Trust me when I say the back pain is when you know your in trouble.The upper abdominal pain is acid reflux.Not really a pain more of an inconvenience that can be helped with antacid tabs.For severe cases omeprazole is used.

I picked the doctors brain for a good while when I was in hospital.It was thought I had overdone the drink but after tests it became clear it was aas related.

I can only tell you what I know and hope you can correlate what I am saying and realise that the common tren side of reflux and hypo spells is infact your pancreas telling you it hurts.


----------



## Marshan (Aug 27, 2010)

gearchange said:


> My reason for knowing about it ,is because i have suffered pancreatitis through using tren.
> 
> The reason people do not report any pancreatic problems is because they don't know they have an issue..Tren does not just give you heartburn for no reason,that is because the bile is not doing its job in the stomach and you have an irritated pancreas.most would just put it down to sides of tren and soon as they stop it goes away.
> 
> ...


What did they recommend to you in dealing with it?

Edit....plenty water, cheers @gearchange!!


----------



## gearchange (Mar 19, 2010)

Marshan said:


> What did they recommend to you in dealing with it?
> 
> Edit....plenty water, cheers @gearchange!!


I have not touched it since,that was my answer to the problem,but making sure you are well hydrated and just keeping an eye on how you feel,if things get to much,lower dose etc..Some people have no issue, as with most things .

I spent 2 months on omeprazole and pain killers then gradually stopped them..I have no problem with any injectable apart from tren in that respect,but I am old and maybe not able to tolerate what it does as with a younger man.But be warned we all get older lol


----------



## DaveW3000 (Mar 25, 2013)

@gearchange so if one only suffers from hypo issues and doesn't appear to have any of the other tell tell signs of pancreas trouble, is it fair to assume that it is a case is increased nutrient partitioning?

Or is it your opinion that this doesn't occur unless there's pancreas issues?


----------



## gearchange (Mar 19, 2010)

DaveW3000 said:


> @gearchange so if one only suffers from hypo issues and doesn't appear to have any of the other tell tell signs of pancreas trouble, is it fair to assume that it is a case is increased nutrient partitioning?
> 
> Or is it your opinion that this doesn't occur unless there's pancreas issues?


The human body was not designed to cope with massive amounts of energy in one dose. Taking too much on board can send insulin levels through the roof, it causes lethargy when blood sugar drops afterwards which is as far as I would agree, that is not hypo.I know what that is because I use insulin.
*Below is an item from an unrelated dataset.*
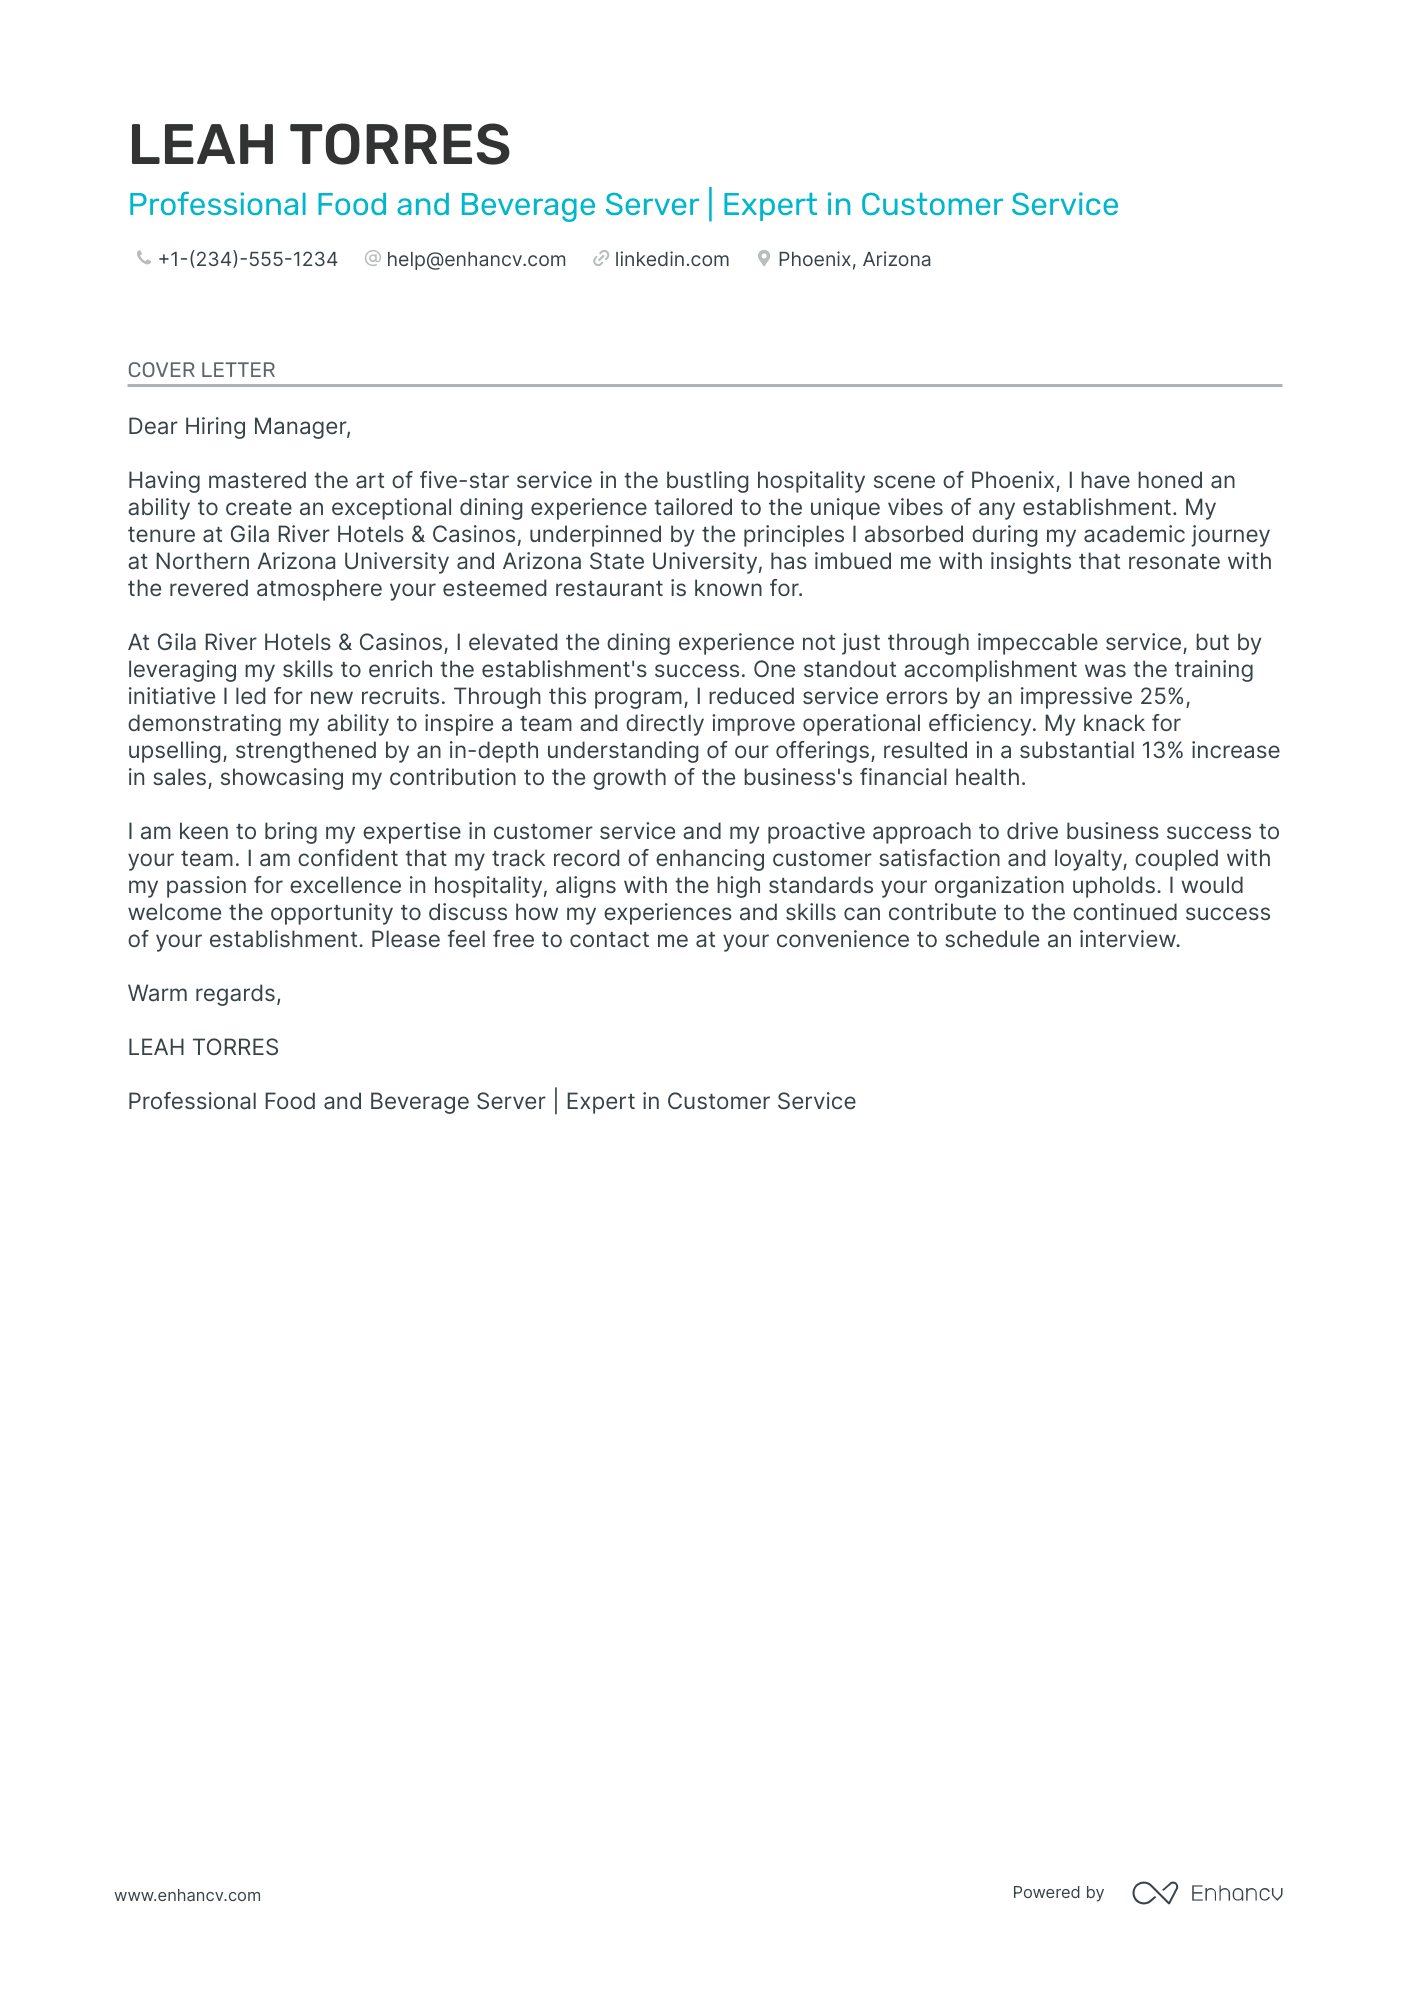 cover letter about waiter

The only way to go hypoglycemic is through abnormal insulin spikes caused,either from an external source or your pancreas .


----------



## Dazza (Aug 7, 2010)

DaveW3000 said:


> @gearchange so if one only suffers from hypo issues and doesn't appear to have any of the other tell tell signs of pancreas trouble, is it fair to assume that it is a case is increased nutrient partitioning?
> 
> Or is it your opinion that this doesn't occur unless there's pancreas issues?
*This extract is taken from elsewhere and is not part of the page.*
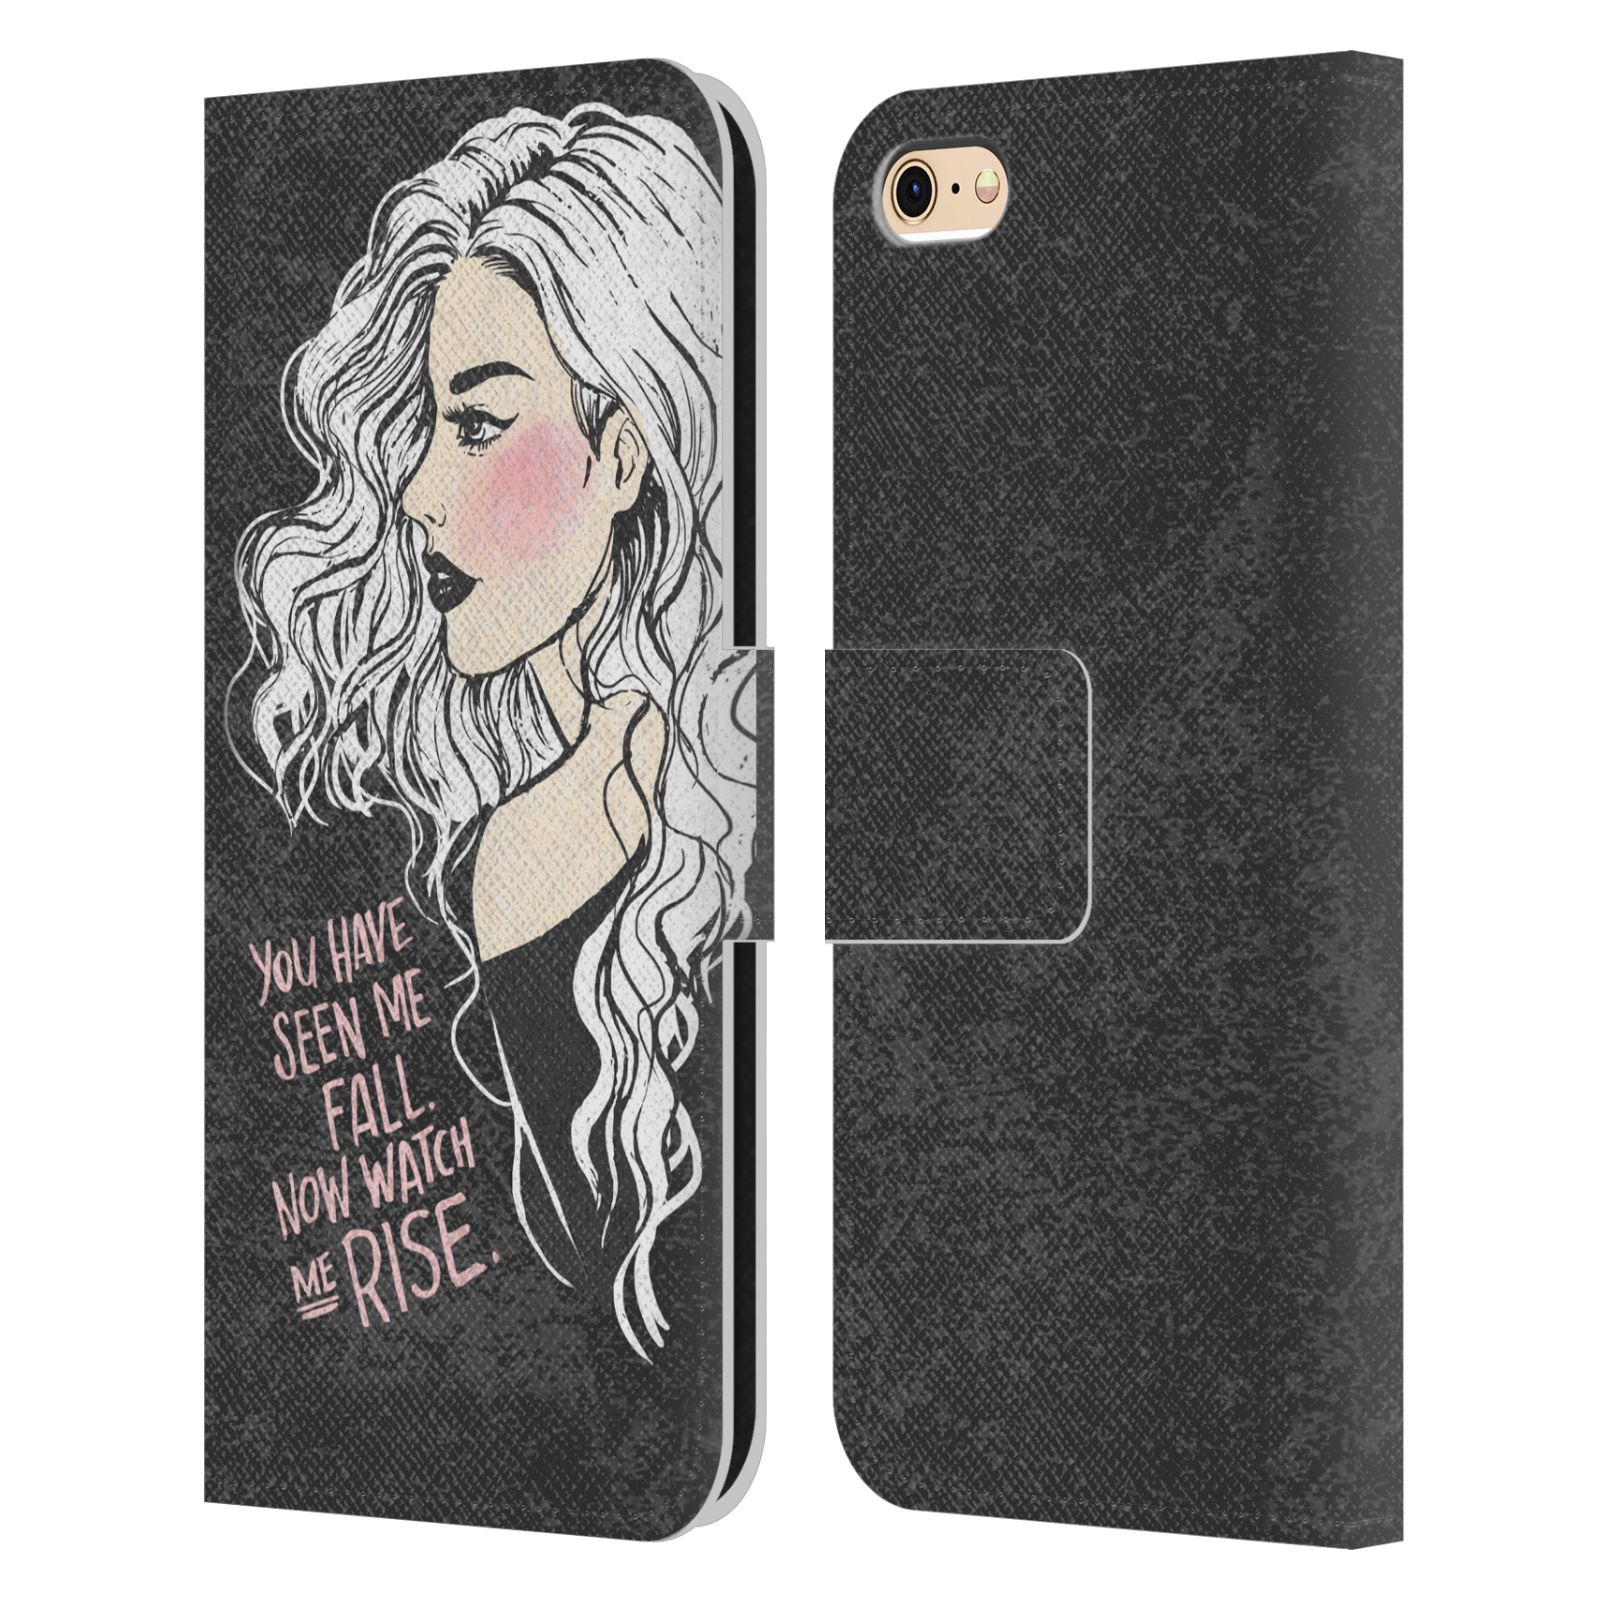 Pouzdro na mobil Apple Iphone 6 / 6S - HEAD CASE - Fall and Rise

In my case im finding it's diet related.

Pre tren i was running low carb around 60-80g daily with little to no issues.

With tren i have to run at least 100g daily otherwise i get that hypo feeling.

Drinking lots, getting plenty of supps in, bp slightly raised but within range.

As for your going hypo, put cinnamon in your shakes, it'll level out bg levels and help prevent any crashing.

Personally i just make sure i always have a fast acting carb source at hand, whether it's dextrose tabs or rice cakes in the car.

Compound wise it's hands down the best i've run, two weeks in and looking better than ever.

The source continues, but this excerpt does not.